4 Types Of Innovation You Should Apply To Your Business For Rapid Growth And Revenue

Choosing to remain static in a highly competitive marketplace is a death sentence. It’s like refusing to run the race after the blast of a gun. You’d miss the reward and lose your audience’s interest, too.

Innovation helps solve consumers’ problems, beat competitors, and fuel rapid growth for your business.

This article shows the 4 types of innovation you can adopt for your company’s growth strategy. But firstly, we’d look at how innovation has evolved to its current phase.

History of Innovation 

Innovation, which is now central to the evolution of any field, first began with much skepticism. Many people died for daring to be innovators.

History of innovation
History Of Innovation credit: visualcapitalist

Today, we’re in the golden age of innovation, but there was much build-up to this phase. The world didn’t know what the future had in store when industrialization began.

Every young tree began to spring into a roaring plant.

Plants and factories replaced trees. 

The world grew, and everything in it.

Henry Ford revolutionized Karl Benz’s idea of who could own a car and made it available to ordinary people. His introduction of the assembly line became the apex of mass production.

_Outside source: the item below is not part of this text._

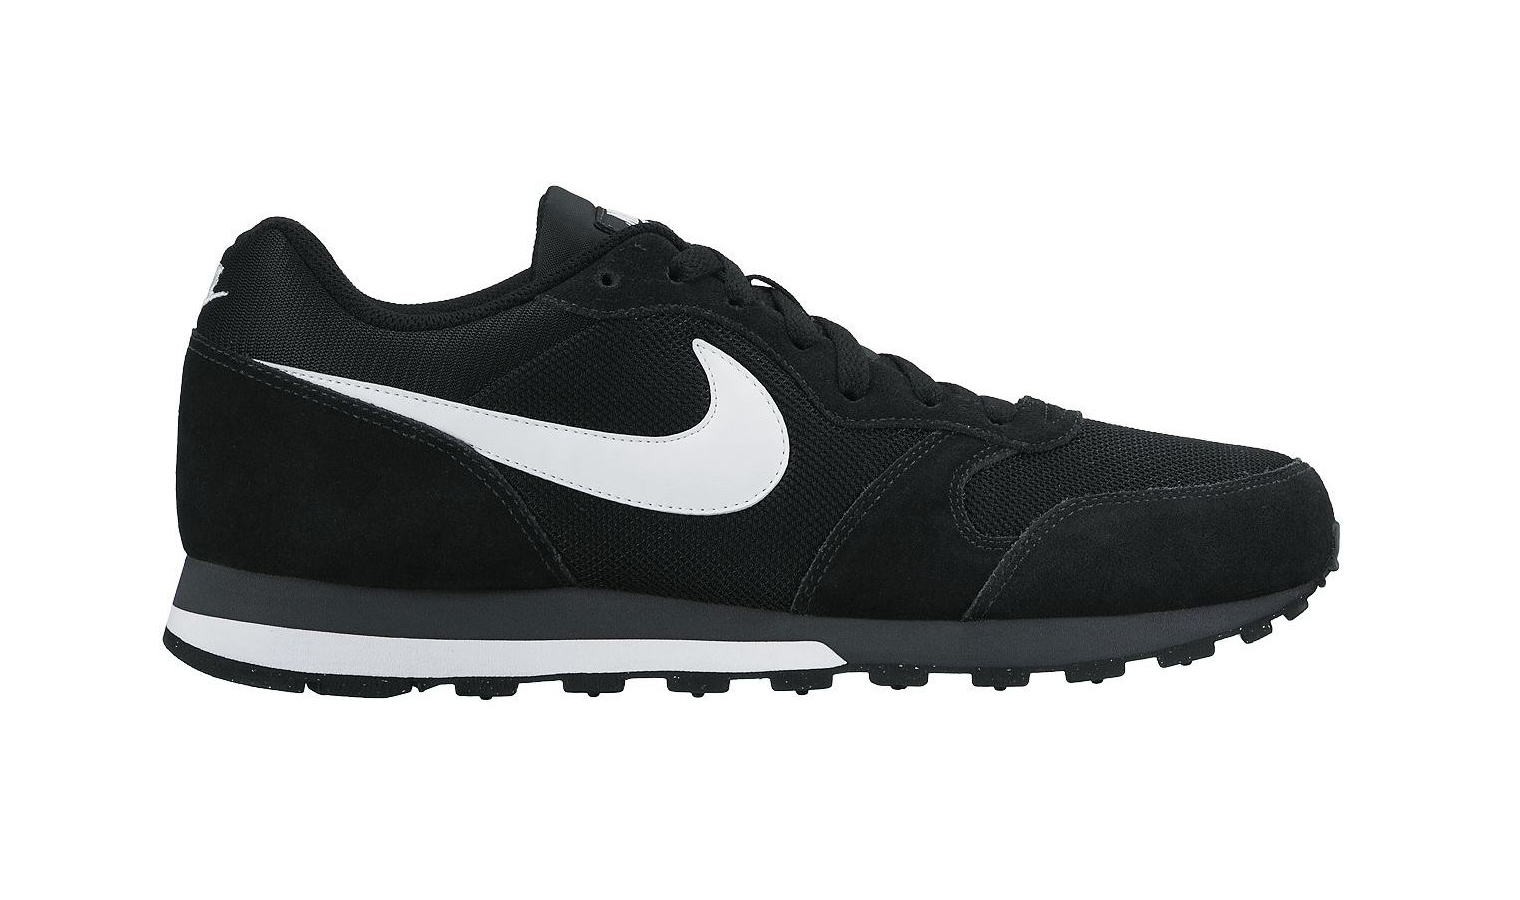 Pánske tenisky Nike MD RUNNER 2 čierne  200a0724ab7

The Wright brothers original ideas transitioned into Concorde supersonic jet, Supersonic Overture, North American X-15, and Virgin Galactic craft.

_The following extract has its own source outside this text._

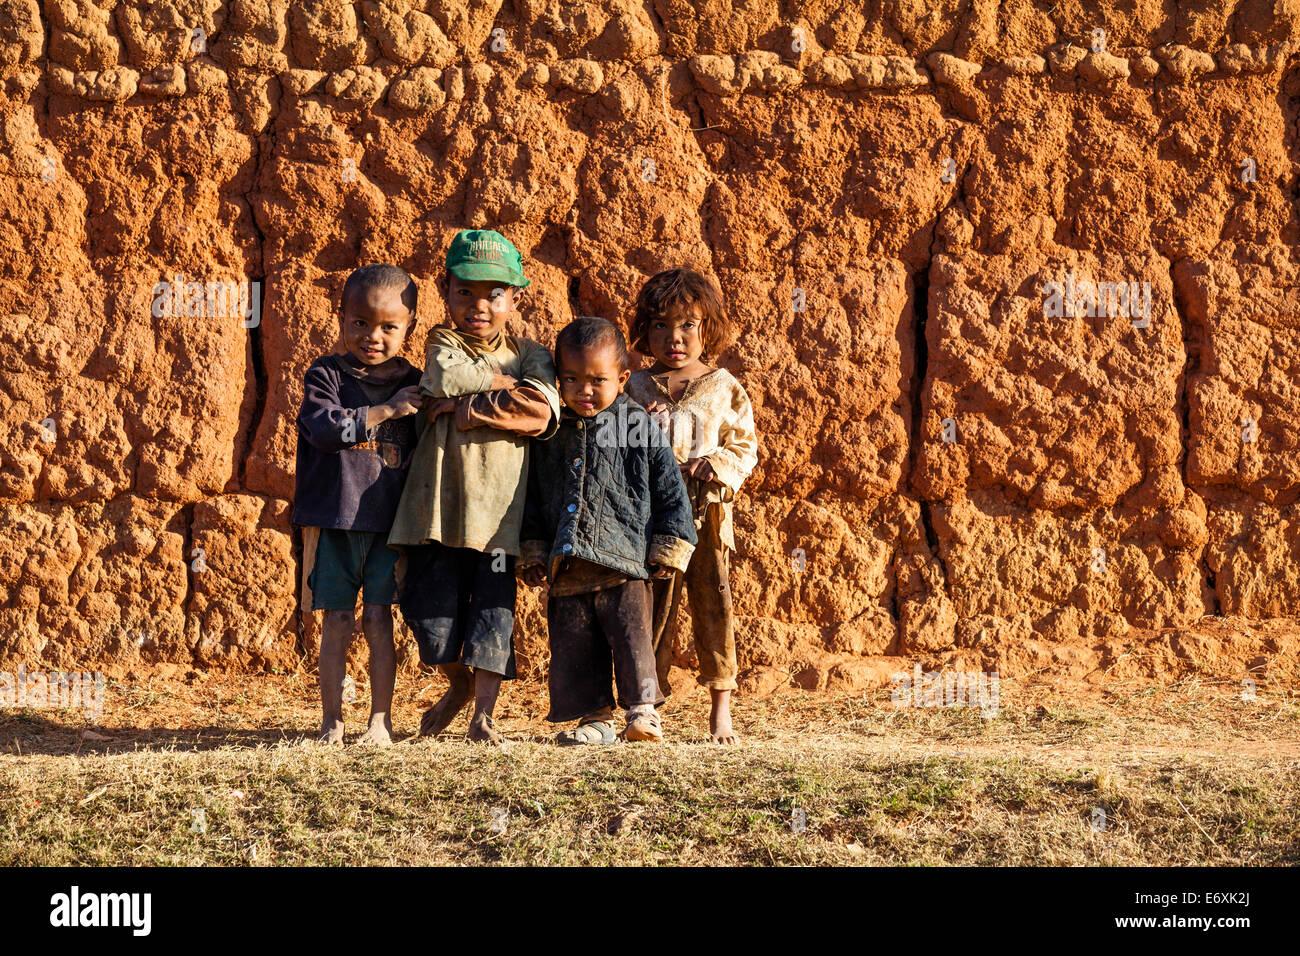 Les enfants debout devant un mur d'argile au sud d'Antananarivo, peuple Merina, highlands, Madagascar, Afrique Photo Stock

The brothers will be somewhat proud, marveled, and puzzled simultaneously. But this teaches a lesson.

Inventors, entrepreneurs, and pioneers didn’t initially build their inventions to their perfect state. Still, as the years pass, it’ll eventually be nearly perfect. Webvan’s financial statement clearly shows this in its 2000 annual report: “Webvan’s facilities do not currently operate at or near their originally designed capacity.” 

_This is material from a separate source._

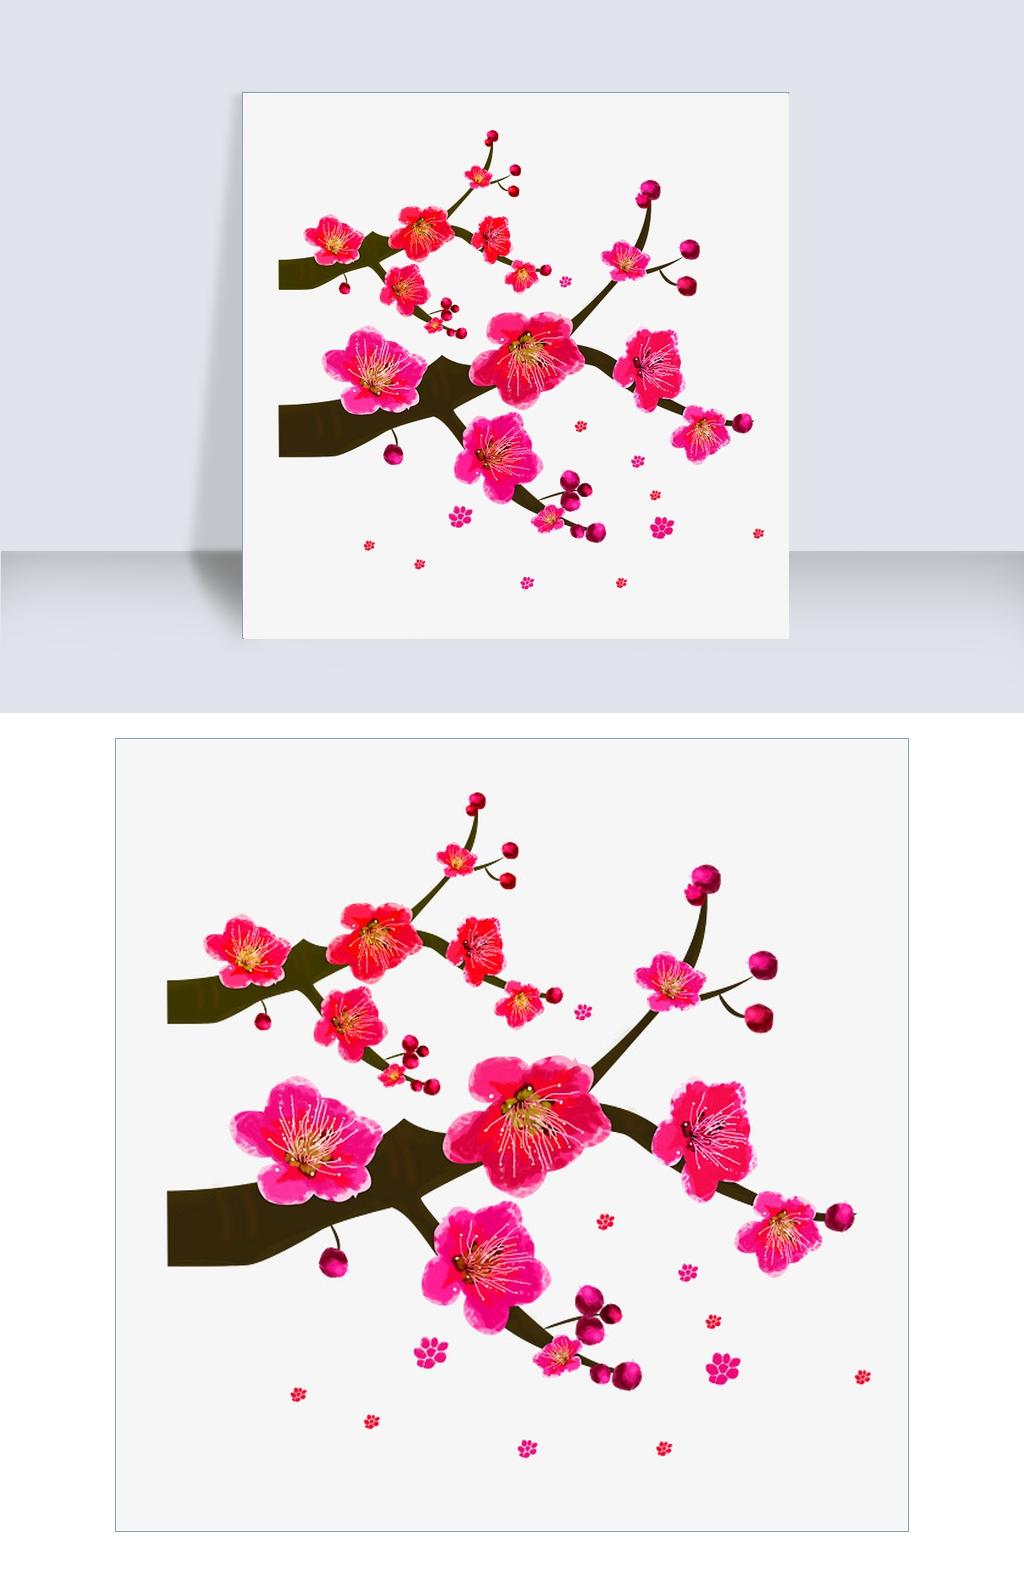 国风水墨飘舞的梅花图片素材 PSB格式 下载 动漫人物大全图片

Suppose the facility does not operate at its designed initial capacity; is innovation not meant to bring it to its perceived design?

But their statement went on like this: “Webvan does not expect any of its facilities to operate at designed capacity in the foreseeable future. Webvan cannot assure you that any facility will ever operate at or near its designed capacity.”

Today, Webvan is dead.

Innovation aims to bring a product or its customers to a perfect state. The Kaizen philosophy, or lean manufacturing, gives us glimpses of why we should adopt this culture.

As every industry evolved, the world started to revolve (revolutionize). One thing led to another. Every industry began to cross-link and integrate. 

The world grew at a rapid pace. The world could not recognize its old self.

Now, let’s discuss the 4 types of innovation.

4 Types of Innovation
4 Types of innovation

4 Types Of Innovation 

Incremental 

Incremental innovation is the continuous improvement of a product to make it more efficient and appealing to customers. 

Changes are small and gradual, such as adding new features and changes in design. iPhone’s iOS updates, improved design, and additional features in its camera are perfect examples.

The iPhone camera has gone through gradual change with High dynamic range imaging (2010), panorama photos (2012), True Tone flash (2013), optical image stabilization (2015), the dual-lens camera (2016), portrait mode (2016), portrait lighting (2017), and night mode (2019).

Manufacturers simply make the product slightly better than the previous version.

Making random upgrades is not innovation. Such upgrades can be disastrous when customers are unwilling to pay for them.

However, when you interact with your customers, listen to their complaints, research their pain points, and meet their needs, you’ll enrich their daily lives and improve their user experience.

Disruptive 

When small companies overthrow big establishments and dominate the industry, they’re said to disrupt the market. They achieve this feat by targeting the overlooked segments and delivering affordable and convenient products and services.

They abandon traditional business methods, and wide acceptability may take time. Still, in the end, it’ll convert non-consumers into customers.

You may say, “How’s this even possible?”

Like David and Goliath allusion or the underdog stories, the small business takes advantage of the established companies’ complacency and conservative approach, the latter preferring to settle for gains rather than take the risky route of offering better service to its customers.

They mindlessly choose to optimize existing products until a small business sees a missing link in the industry, strategizes, takes the opportunity, and wins the market.

For example, Blockbuster dominated the movie industry with DVD mail service until Netflix disrupted the sector with web streaming.

Architectural 

Professor Rebecca Henderson and Dean Kim Clark of Harvard Business School introduced this type of innovation in 1990.

Architectural innovation involves applying existing technology, products, or capabilities to a new market or audience. 

The company slightly changes a product’s architecture to appeal to a more contemporary market.

Companies identify existing products and integrate them into their portfolio. These changes become significant and will completely differentiate from competitors.

A notable example is Apple merging a wristwatch with technology, changing its architecture, and bringing it into a new market. Another is Black Panther’s Kimoyo beads.

McDonald’s aimed to improve its ordering times to offer customers better choices. Therefore, its Apprente and Dynamic Yield acquisition gave its customers valuable experience.

Radical

We had no airplanes, computers, or the internet long ago, but today, we can’t imagine a world without them. 

Radical innovation is a new product or service that opens a new market. A market that no one ever saw coming, which transforms the way the world functions and leads to highly accelerated economic growth.

The product or founder becomes the industry’s pioneer as other competitors take advantage of this new market’s opportunity.

Sir James Dyson
Sir James Dyson

Sir James Dyson is a radical, innovative entrepreneur.

Washing machines, cloud technology, and MRI machines are other examples of radical innovation.

Bottom Line

The goal is not just to innovate but to be consistent with innovation. The lack of it could cost you a fortune. 

Begin your innovative journey by adopting any of the 4 types of innovation, if not all of it.

If you can’t be radical, be incremental.

Know that innovation makes your products valuable, solves your customers’ problems, and increases your company’s revenue.